Uma decisão do Supremo Tribunal Federal (STF) trouxe uma mudança importante para trabalhadores submetidos a condições prejudiciais à saúde. A Corte considerou inconstitucional a exigência de idade mínima para a aposentadoria especial. Com isso, o tempo de exposição volta a ter papel central na concessão do benefício.
A aposentadoria especial é destinada a segurados que trabalham de maneira habitual e permanente em contato com agentes nocivos ou situações capazes de comprometer a saúde e a integridade física. Com a decisão, o requisito relacionado à idade deixa de ser aplicado. O período trabalhado em condições especiais passa a ganhar destaque.
Tempo de atividade volta a ser decisivo
O tempo necessário varia conforme o nível de exposição existente na atividade exercida. As regras consideram períodos de 15, 20 ou 25 anos de trabalho especial. A definição depende do agente prejudicial e das características da função desempenhada pelo segurado.
A mudança, porém, não significa que qualquer trabalhador de determinada profissão terá direito automático ao benefício. O enquadramento depende das condições efetivamente encontradas durante o trabalho. Por isso, a documentação previdenciária continua sendo fundamental para comprovar a exposição aos riscos.
PPP é importante para comprovar exposição
Entre os documentos utilizados está o Perfil Profissiográfico Previdenciário (PPP), que reúne informações sobre as atividades desempenhadas e os agentes presentes no ambiente profissional. O registro pode ajudar o Instituto Nacional do Seguro Social (INSS) a avaliar o período especial.
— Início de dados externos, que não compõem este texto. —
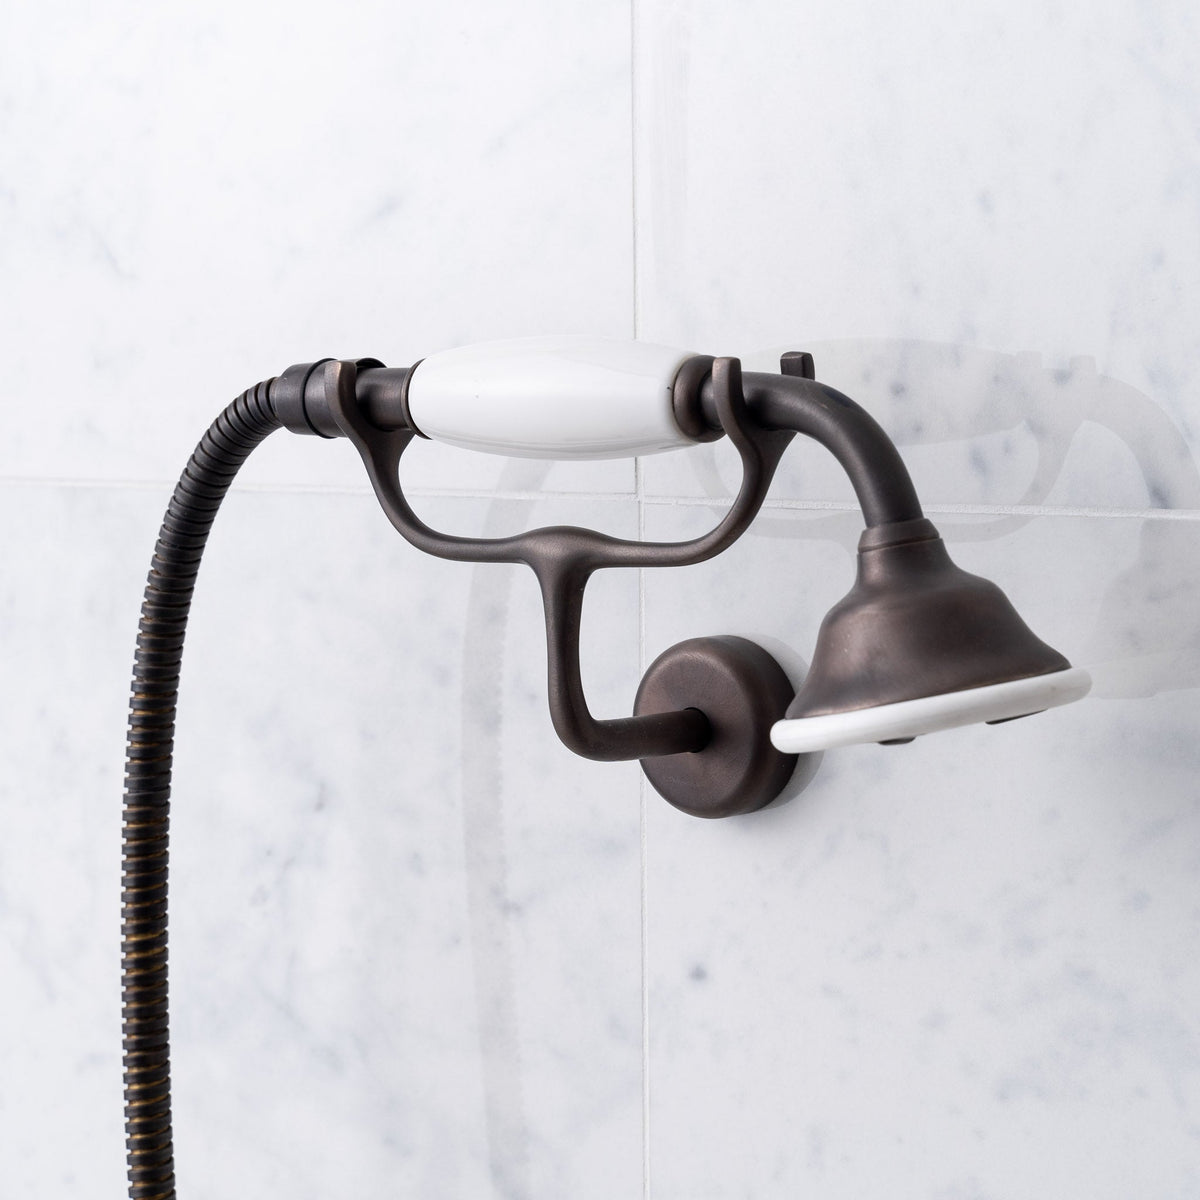 Overton White Ceramic Lever &amp; Cleaver Telephone Handset Exposed Pipe Thermostatic Shower Set - Rutland London (USA)

Outros documentos também podem ser exigidos.
A decisão não elimina todas as regras introduzidas pela Reforma da Previdência de 2019. Uma delas é a impossibilidade de converter em tempo comum o período especial trabalhado depois da entrada em vigor da reforma. Assim, cada período precisa ser analisado conforme as regras aplicáveis.
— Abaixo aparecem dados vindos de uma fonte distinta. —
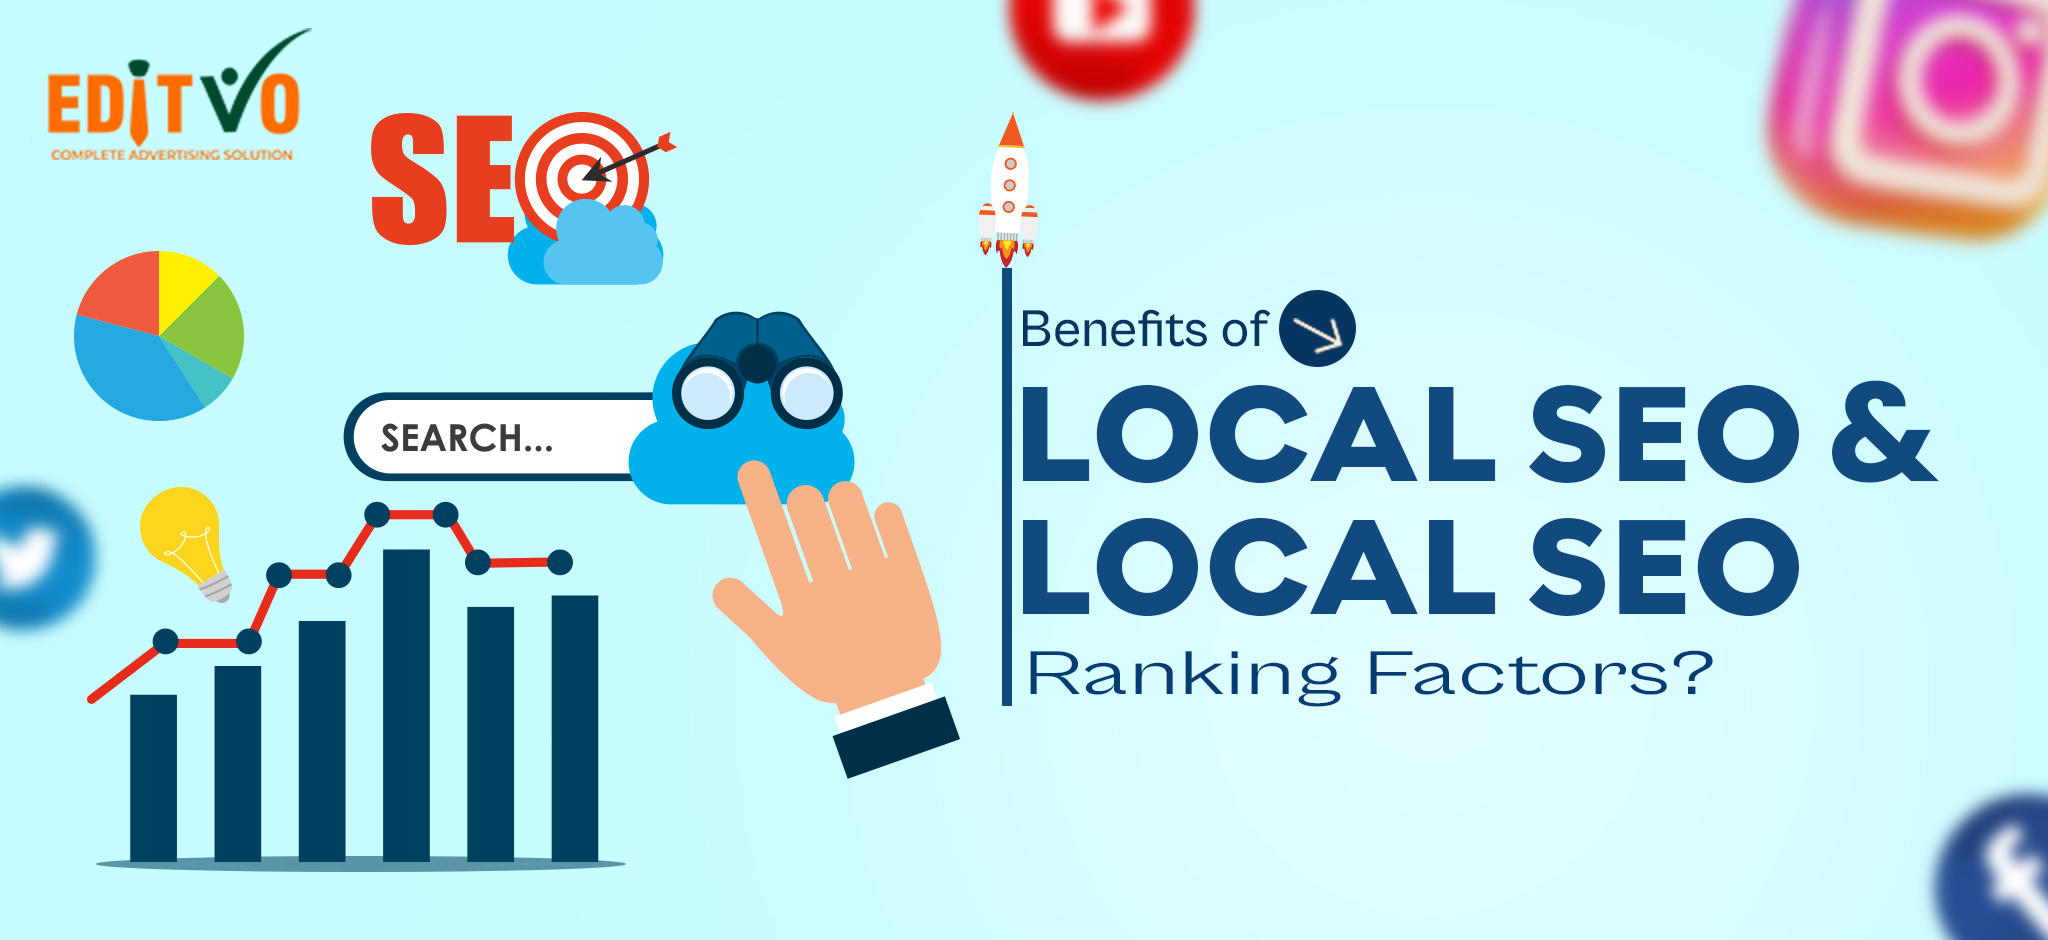 Benefits of Local SEO & Local SEO Ranking Factors

Benefício exige afastamento da atividade nociva
Outro ponto permanece relacionado ao afastamento do trabalho considerado prejudicial. Após a concessão da aposentadoria especial, o segurado não pode continuar exercendo atividade sujeita aos mesmos agentes nocivos nas condições vedadas pela legislação. A regra busca preservar a finalidade do benefício.